The radiation overdoses were caused by delivery of the high-powered electron beam without attenuation. In order for this to happen, the high-powered beam was delivered, and the attenuation was not present. The lower-powered beam did not require attenuation provided by the beam spreader, so it was possible to operate the machine without it. The machine did register an error when the high-powered beam was turned on without attenuation. However, it was possible to operate the the beam with the error and the warning was overridden by the operators.

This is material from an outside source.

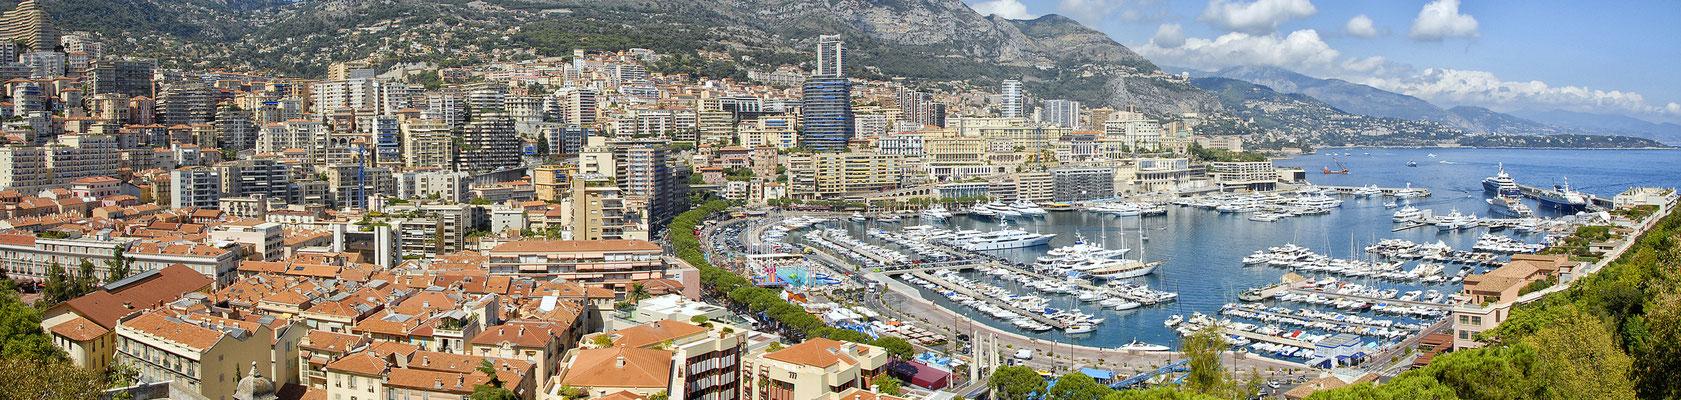 Zicht op de jachthaven van Monte Carlo

The Therac-25 had two different responses to errors. One was to pause the treatment, which allowed the operators to resume without any changes to settings, and another was to reset the machine settings. The error resulting in this case, having the high-power beam without attenuation, resulted only in a treatment pause, allowing the operator to resume treatment with an override, without changing any of the settings. Researchers talking to the operators found that the Therac-25 frequently resulted in errors and so operators were accustomed to overriding them. In this case, the error that resulted (“Malfunction 54”) was ambiguous and not defined in any of the operating manuals. (This code was apparently only to be used for the manufacturing company, not healthcare users.)

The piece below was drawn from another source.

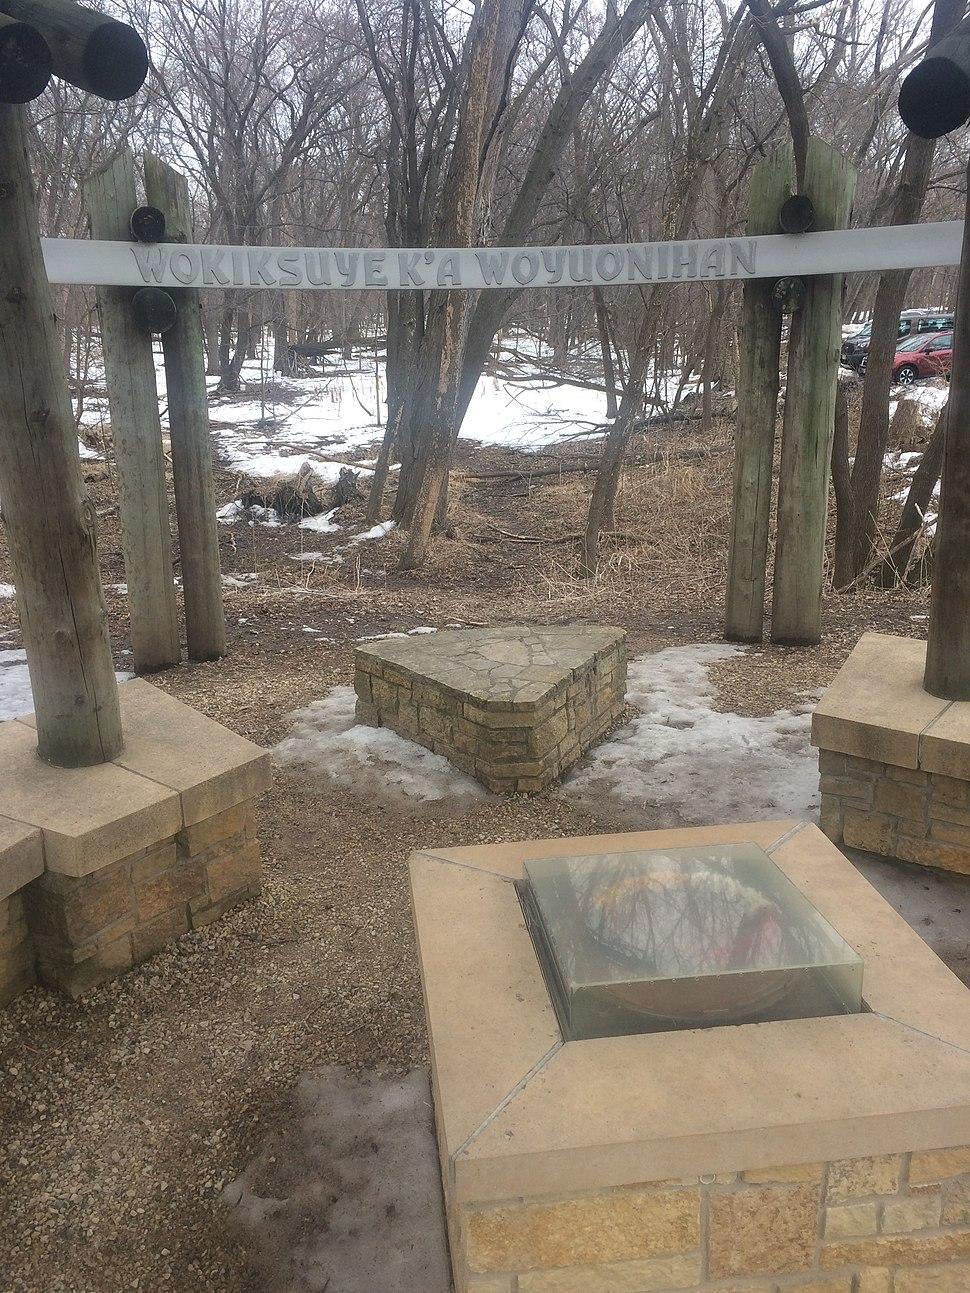 Wokiksuye K'a Woyuonihan Memorial

The Therac-25 allowed the beam to be turned on without error (minus the overridden warning) in this circumstance. The Therac-25 had no hardware protective circuits and depended solely on software for protection. The safety analysis of the Therac-25 considered only hardware failures, not software errors, and thus did not discover the need for any sort of hardware protection. The reasoning given for not including software errors was the “extensive testing” of the Therac-25, the fact that software, unlike hardware, does not degrade, and the general assumption that software is error-proof. Software errors were assumed to be caused by hardware errors, and residual software errors were not included in the analysis.

Unfortunately the coding used in the Therac-25 was in part borrowed from a previous machine and contained a residual error. This error was not noticed in previous versions because hardware protective circuits prevented a similar error from occurring. The residual error was a software error known as a “race condition”. In short, the output of the coding was dependent on the order the variables were entered. If an operator were to enter the variables for the treatment very quickly and not in the normal order (such as going back to correct a mistake), the machine would accept the settings before the change from the default setting had registered. In some of these cases, it resulted in the error described here. This error was not caught before the overdoses happened because software failures were not considered in the safety analysis (as described above), the code was reused from a previous system that had hardware interlocks (and so had not had these problems) and the review of the software was inadequate. The coding was not independently reviewed, the design of the software did not include failure modes and the software was not tested with the hardware until installation.

This incident can teach us a lot about over-reliance on one part of a system and re-using designs in a new way with inadequate testing and verification (as well as many other issues). If we can learn from the mistakes of others, we are less likely to make those mistakes ourselves. For more detail on this (extremely complicated) issue, please see Nancy Leverson and Clark Turner’s An Investigation of the Therac-25 Incidents.”